‘Detransitioners’ in the US say they face frequent harassment and death threats from trans activists for “invalidating their narrative”.
People who have ‘transitioned’ from one sex to the other only to realise their mistake and return to their birth sex, are receiving increased abuse from the transgender community.
In the UK, the Scottish Government’s Gender Recognition Reform (Scotland) Bill proposes to make it much easier to change legal sex by removing the need for medical evidence and reducing the two-year waiting period to six months. Legal ‘sex changes’ will also be extended to 16 and 17-year-olds.
‘Irreversible decisions’
Cat Cattinson was among a group of detransitioners who recently addressed Florida’s medical board before it voted to protect under 18-year-olds from ‘sex-change’ surgeries, puberty-blocking drugs and cross-sex hormones.
Cattinson said: “We’re at a really critical time right now, where we have the opportunity to safeguard kids from making irreversible decisions they’ll regret.”

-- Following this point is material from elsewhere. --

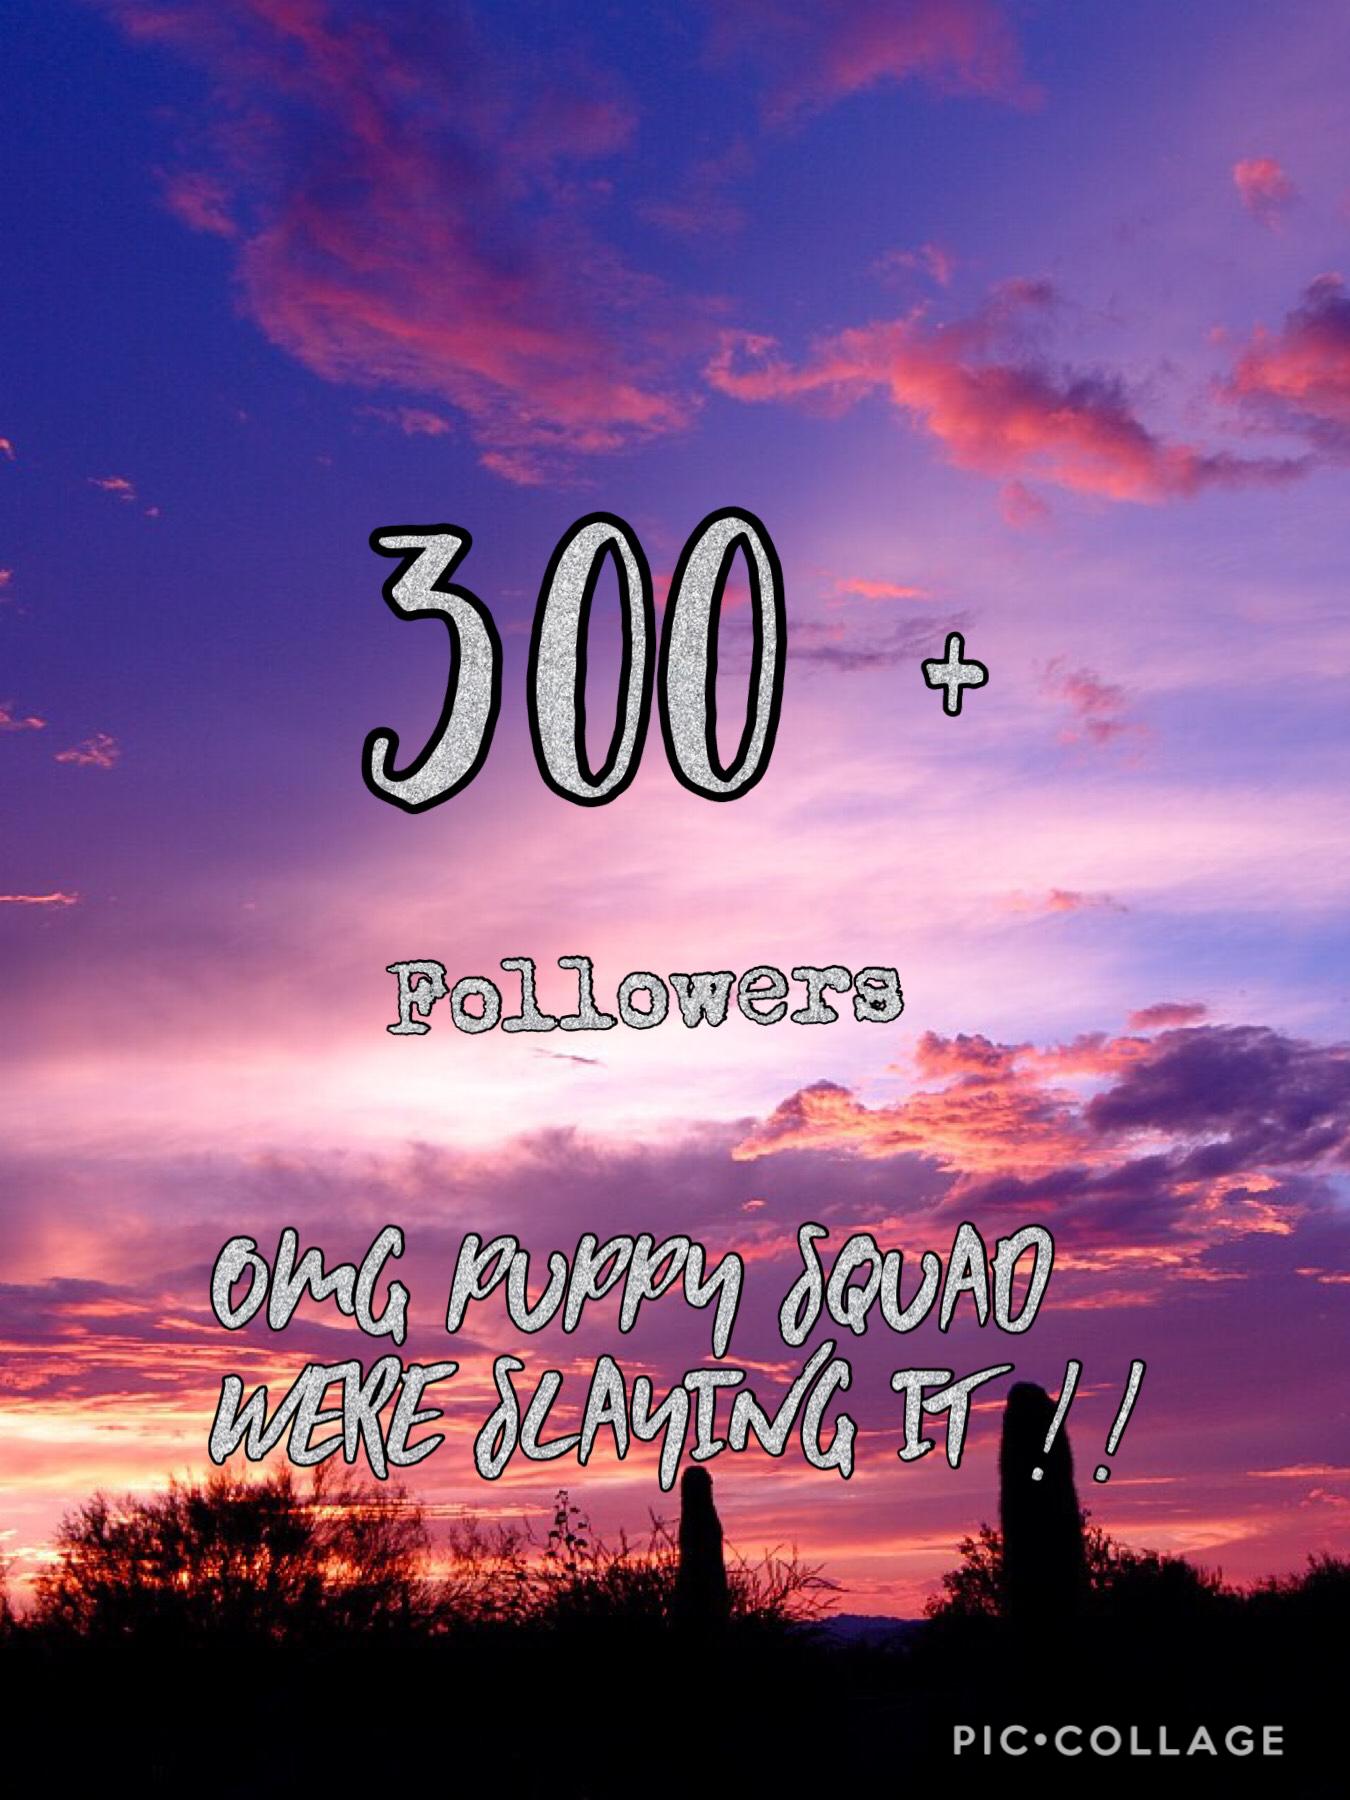 Thanks so much Puppy squad we have over 300 members now!! I just want to say thx to all of you guys I’m so proud !! :):):)

Cat has seen the “level of hate really escalate to the point that any time a new de-transitioner shares their story online, they get dogpiled by thousands of trans activists, bullied, ridiculed, and of course death threats”.
She added that for “every de-transitioner with a public platform, the new trend has been to call us liars and grifters and just try to invalidate everything we say”.
‘More psychiatric issues’
Chloe Cole, an 18-year-old detransitioner, spoke of the impact of being given puberty blockers and testosterone at 13, followed by a double mastectomy at 15.
She asked: “Why is a mental health epidemic not being addressed with mental health treatment to get at the root causes for why female adolescents like me want to reject their bodies”.
Cole said she “actually developed more psychiatric issues the further I went into transition”.
She added: “I have no breasts. I want to be a mother someday and yet I can never naturally feed my future children”.
Scotland
Last month, the Equality and Human Rights Commission raised concerns over the impact of the Gender Recognition Reform (Scotland) Bill on young people.
The EHRC stated: “We recognise that 16 is the age of legal capacity in Scotland, but also that higher age limits apply for several matters that are of less significance than changing legal sex, such as purchasing alcohol and tobacco, getting a tattoo or driving a car.”
The equalities watchdog highlighted a statement made in the independent interim review of NHS gender services in England, conducted by Dr Hilary Cass, which asserted that social transition in young children is not a “neutral act”, and that it should only be considered where “any associated needs and risks have been addressed”.
It warned that changing legal sex is “a significant form of social transition”, and recommended that Holyrood consider amendments “that raise the age threshold to 18″.